Using Generalized Estimating Equations to test item validity on a scale


I am creating a new measurement scale for withdrawal from cannabis, and have daily withdrawal data from 50 people for 1 week before abstinence (baseline smoking as usual) and then for 2 weeks of abstinence. There are 26 items on this new scale, and essentially what I want to is to rank the items by the amount that they increase above baseline during the withdrawal phase...I am calling this "validity" - and it can be conceptualized as taking the integral (area under the curve) between the average baseline score and the score given on each day of abstinence - for every item on the scale.

I did exactly this - i.e. calculated the integral between the mean daily withdrawal score and the average baseline score for the week of smoking as usual - and used that single value to rank the scale items.

All well and good, but what I really need is to put some stats next to the items - that somehow reflect my "integral" approach (I.E. parameter values that also reflect a descending order inline with the sorted integral values). In theory this should be possible.

However I am having a lot of difficulty making my stats match the ranking given by the integral...

Because I have such repeated measures data - I am using Generalized Estimating Equations - to allow for the within person correlations in their answers. I build 26 models (1 for each item on the scale) - with withdrawal score as the dependent variable, and time (days in abstinence) as the independent. Actually because withdrawal tends to increase at first and then decrease, I am adding time squared - to get a quadratic effect - which is most always significant.
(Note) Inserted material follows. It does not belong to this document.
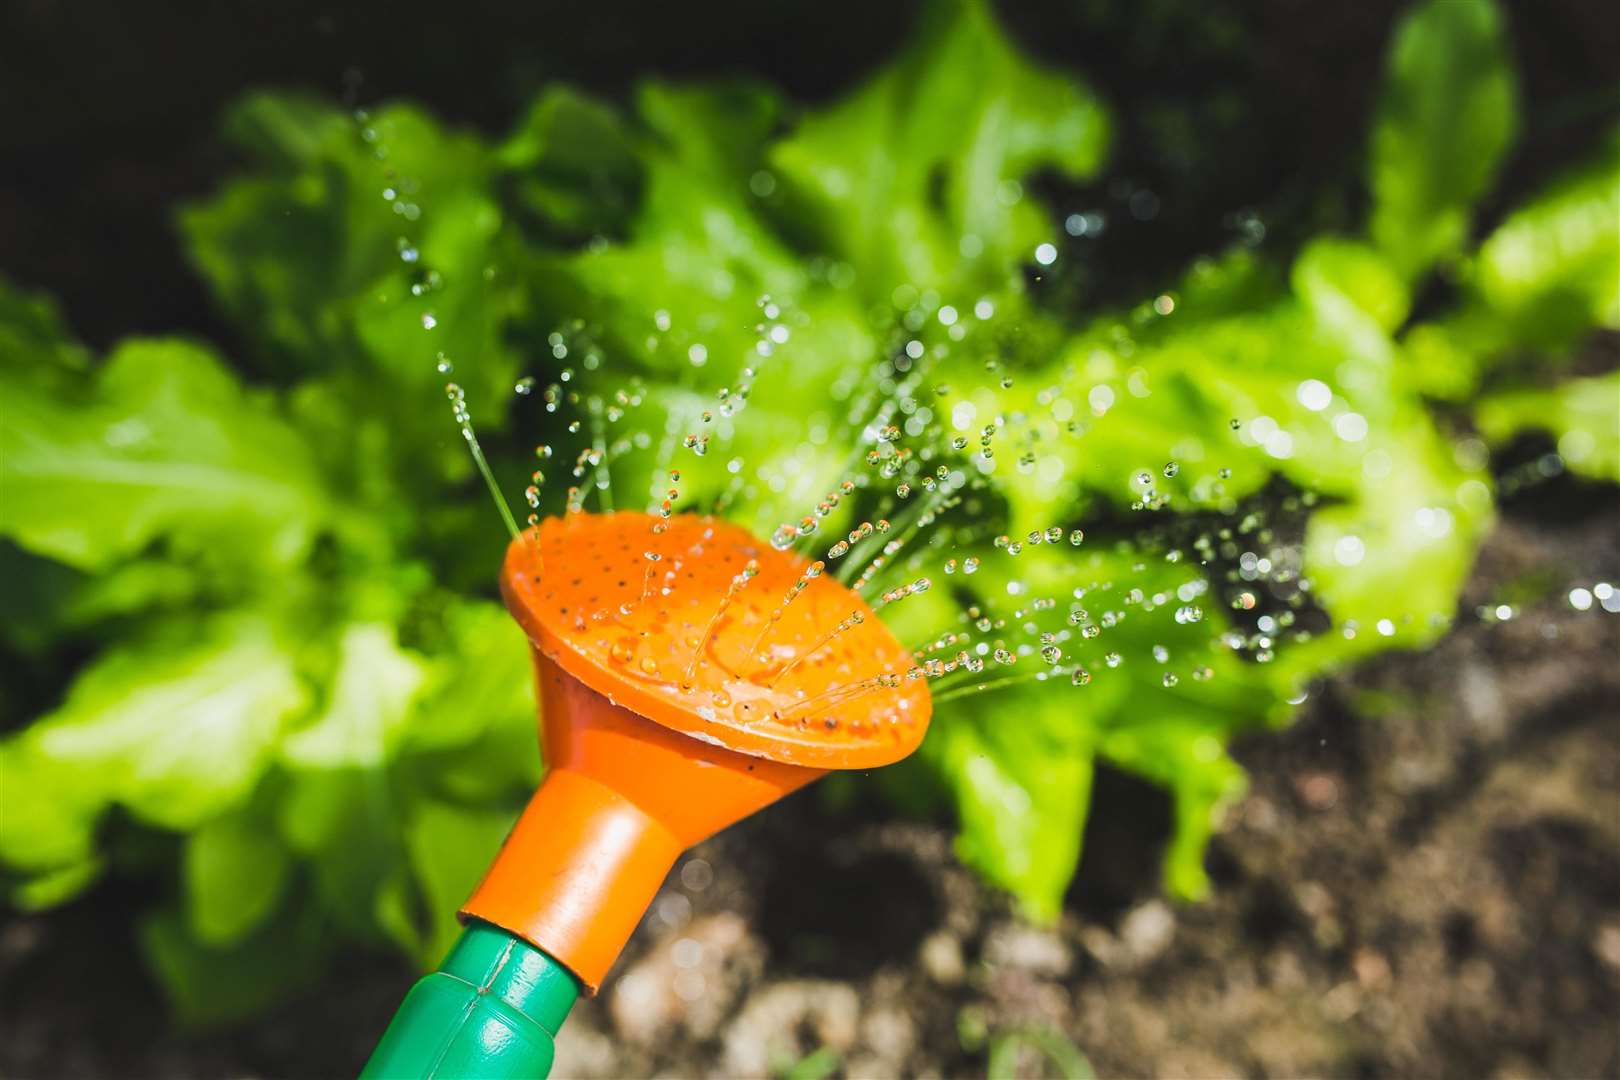 Use a watering can - less wasteful than a sprinkler
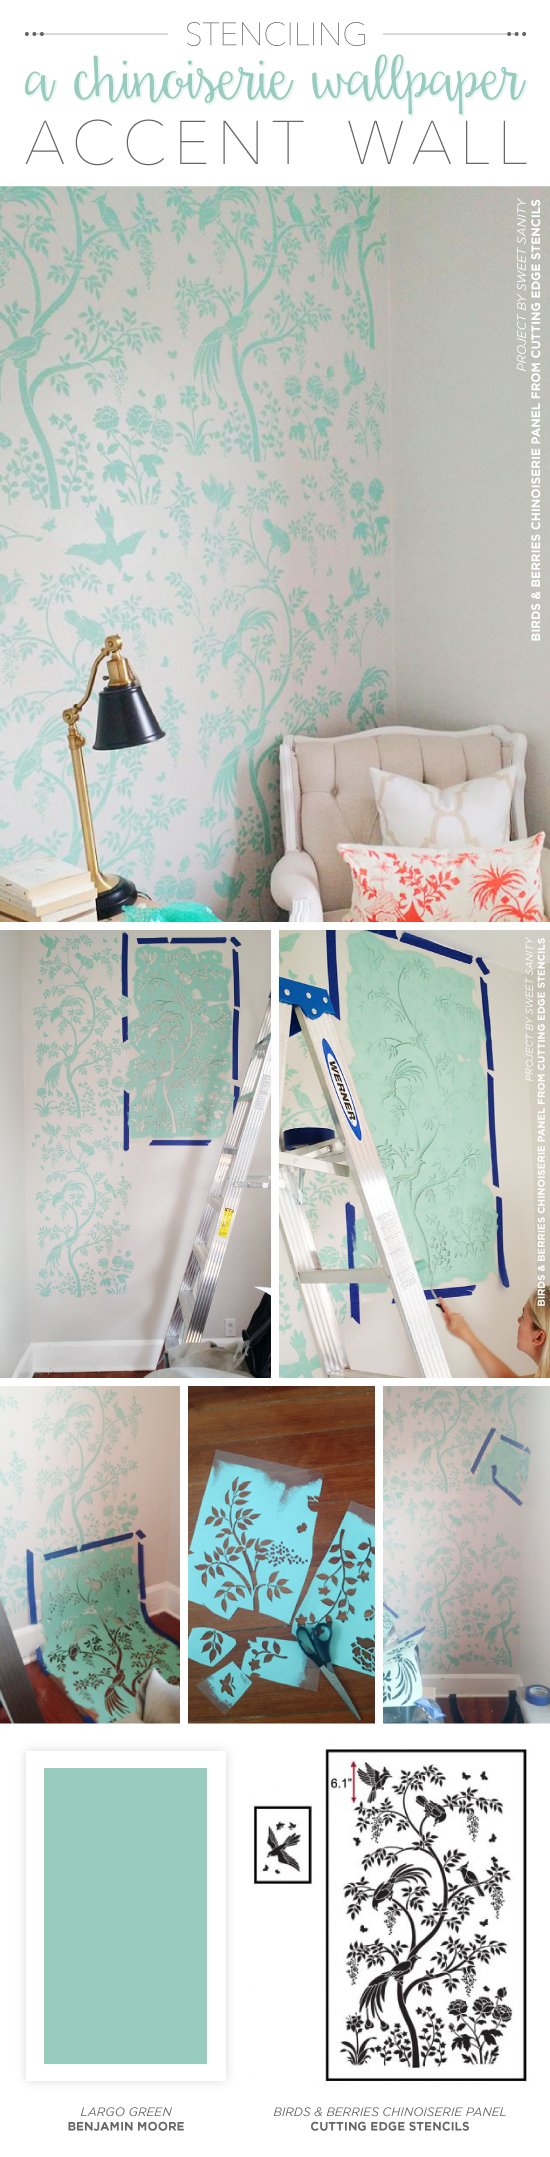 Cutting Edge Stencils shares how to stencil the Chinoiserie Birds and Berries Wall Mural Panel for a wallpaper look. http://www.cuttingedgestencils.com/chinoiserie-stencil-mural-wall-design-wallpaper.html

I also include the baseline score as the covariate in this model.

So I get a bunch of parameters out - i.e. slope parameters and wald chi square statistics - for each item - and I want to use these parameters or stats to describe the trajectory of withdrawal through abstinence - ultimately describing which items are most valid (i.e. respond more to abstinence)..... does anybody have any ideas for why non of my wald stats or slope values are matching my original integration ranking of the items? Also, I can get my stats program (SPSS) to output predicted mean values for each item.....when I take the integral of these predicted values and rank the items - they rank differently to the original integral ranking on the original raw values....any ideas why this is?

I realise that I am going "off road" with my approach to stats here - not using the traditional approaches and perspectives - so..

Thanks for any body who can give any alternative perspectives on this,

Just to add some more information on the various approaches that I have taken so far/research that I have done on this topic..

As my overarching aim is to rank my 26 scale items based on some measure of validity to cannabis withdrawal - and I decided to conceptualise it as the integral between baseline and each day of abstinence withdrawal values - I first ran my GEE model using time as a categorical variable - comparing each day of abstinence to the average of the baseline week. This was great as it allowed me to specify on which day of abstinence withdrawal scores first were significantly above baseline - and how long withdrawal for that item lasted (i.e. was statistically above baseline). However, I then decided that this was using too many degrees of freedom (14df - for the 15 time points - 14 abstinence days vs 1 average baseline day) for the small sample size.. So instead I wanted to try using time as a continuous variable. Doing this gave me the additional bonus of being able to include the quadratic time term to capture that inverted U shape that this withdrawal seems characterised by.

My plan at the outset was to rank the items by the wald statistic that is output for the GEE in SPSS. However when time is continuous, I have to include the baseline data as a covariate - instead of as a reference group as per time as a categorical variable. Thus I end up with only a set of what essentially look like multiple regression parameters (slopes and standard errors with a wald chi square stat for each parameter). I was going to try and rank the items based on some interpretation of the two parameters describing time (the linear and quadratic terms) - but interpreting quadratic terms is not very easy - at least in this comparative context.. So I then went on to calculate the integral under the curve for each item by simply calculating the integral under the "predicted" values of withdrawal scores for each item (predicted values output by spss when requested).

However, ranking items by this "integral of the predicted withdrawal scores" doesnt seem to match any ranking of any of the parameters for each model (e.g. linear slope, quadratic slope, wald chi squared etc). Why do I want a statistic to put in my ranked table? Because I want to publish this in a good journal - and it has to have a statistic. And if it has a statistic by each item - and it matches the "integral" rank - then I will know its good solid stats.